Ариана молча кивнула и потерлась щекой о руку Ранульфа, на которой лежала, как на подушке. Она всегда не слишком много значила для своего отца, не значила и десятой доли того, чем был для него единственный сын.
– Я не оправдала надежд отца, – тихо произнесла она. – Поскольку я не сын, то не могла даже думать о наследовании его владений без мужа, который бы правил в них. – Ариана безрадостно рассмеялась. – Я не смогла удержать в его отсутствие замок, как он мне приказал. Я не смогла сохранить даже помолвку, которую он устроил.
Услышав эту тихую жалобу, Ранульф ощутил укол вины, но не хотел связывать ее жалобы со своим захватом Кларедона.
– Мне кажется, ты послужила ему хорошо – в рамках своего пола.
– Да, наверное. Я старалась изо всех сил. И все-таки это мужской мир и правят в нем мужчины. Хотела бы я быть одним из них!
Он услышал в ее голосе боль и сожаление, и эта боль эхом откликнулась в чувствах, запрятанных глубоко в его сердце. Ранульф услышал все то, чего Ариана не сказала: как она стремилась стать образцовой дочерью в надежде привлечь к себе внимание отца.
Ранульф приподнялся на локте, взял Ариану за подбородок и повернул к себе ее голову.
– Я рад, что ты не мужчина, дорогая.
Его добрая, берущая за душу, улыбка не подбодрила Ариану.

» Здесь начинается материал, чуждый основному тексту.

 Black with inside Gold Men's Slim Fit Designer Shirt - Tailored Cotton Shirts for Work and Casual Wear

Увидев ее печальный взгляд, Ранульф погладил ее по изящной скуле, от всей души желая развеять ее отчаяние. Он ощущал какое-то первобытное, буквально дикое желание защищать Ариану – и такого чувства он не испытывал по отношению ни к одной женщине.

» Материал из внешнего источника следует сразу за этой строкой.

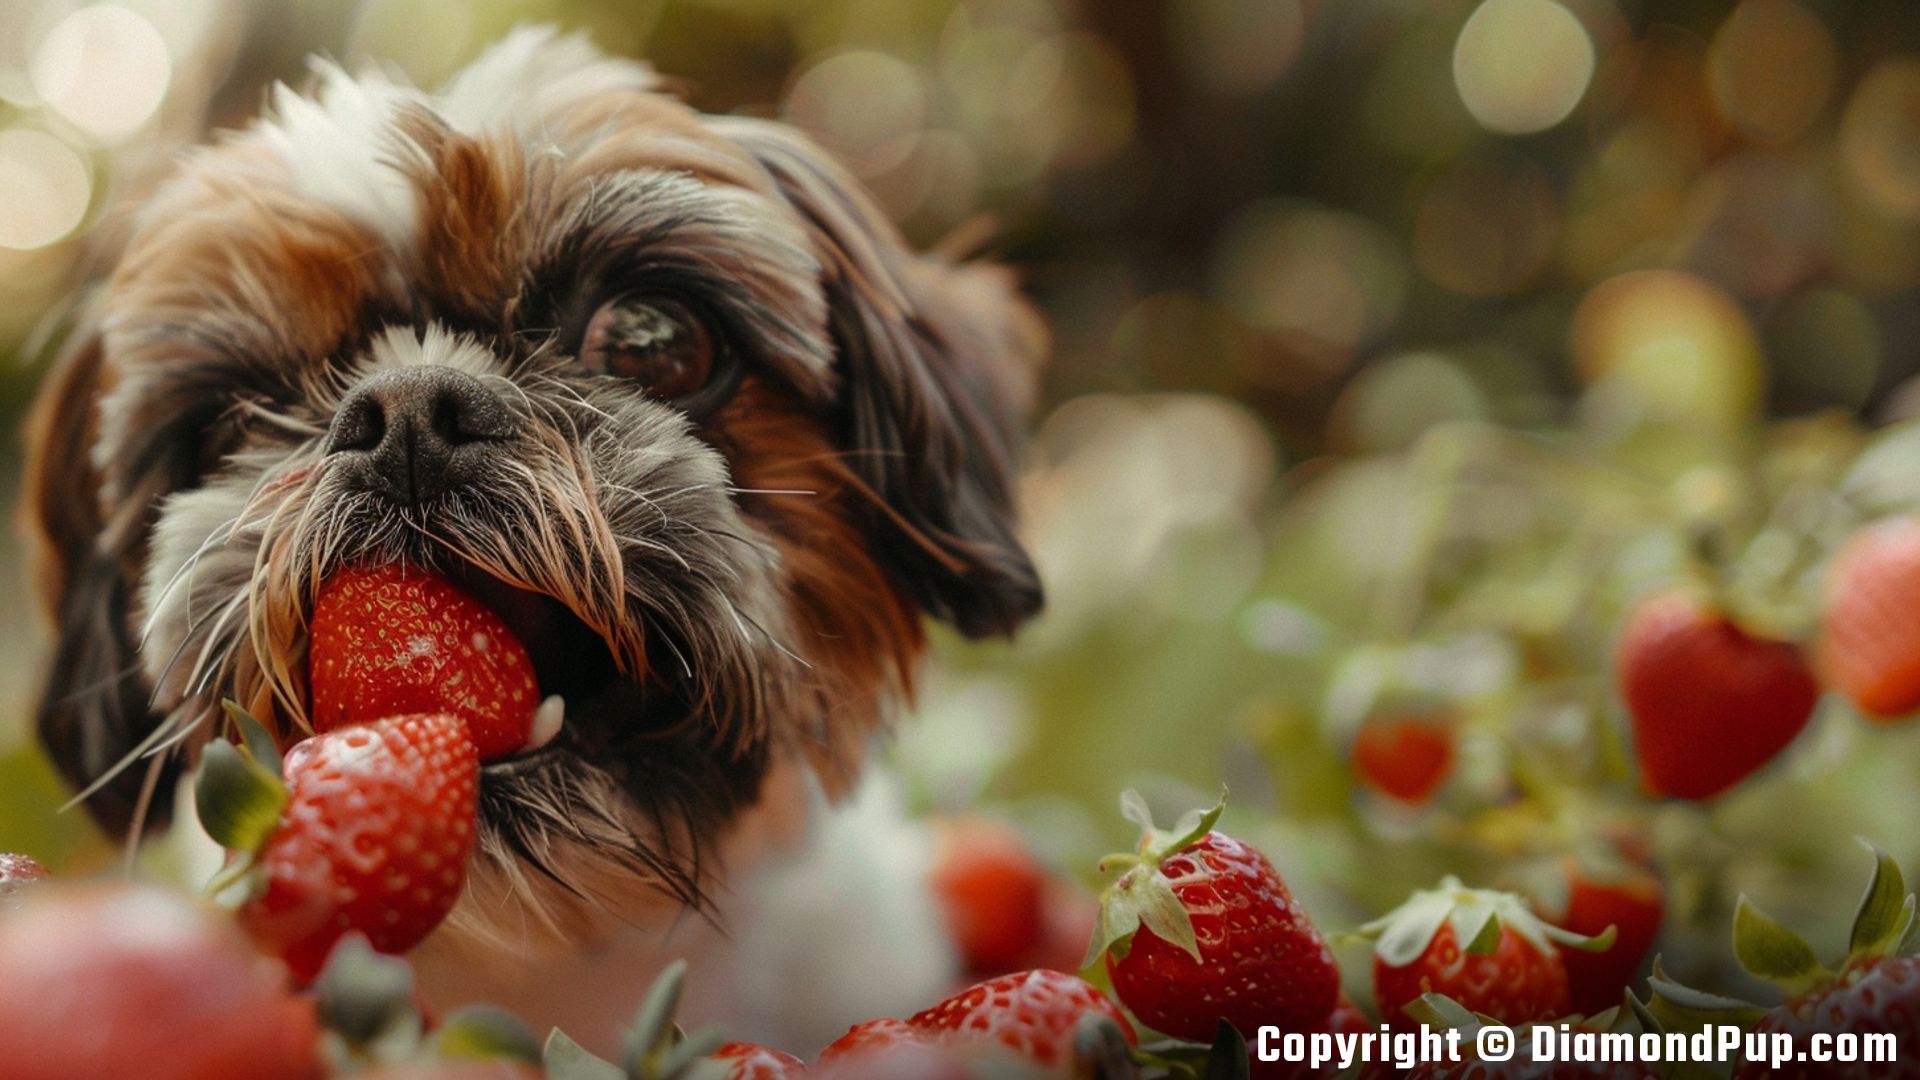 Image of a Happy Shih Tzu Snacking on Strawberries

Тут заходящее солнце опустилось за раскидистые дубы, высоко вздымающиеся на краю луга. Все удлиняющиеся тени коснулись накидки, на которой они лежали, и Ариана вздрогнула. Ранульф тут же заботливо укутал ее краем накидки и поплотнее прижал к себе.
Умостив подбородок у нее на голове, он невидящим взором смотрел вдаль. Ариана призналась ему в своих страхах за мать, рассказала о натянутых отношениях с отцом и разбудила тем самым все болезненные воспоминания о его собственном прошлом. Как и она, Ранульф знал, что такое бесплодная тоска о недостижимом. Еще мальчиком он безнадежно мечтал о том, чтобы человек, считавшийся его отцом, хоть раз – всего лишь раз! – взглянул на него без ненависти, не обругав его «дьявольским отродьем». Он хотел даже не любви – он хотел простого признания того, что он существует.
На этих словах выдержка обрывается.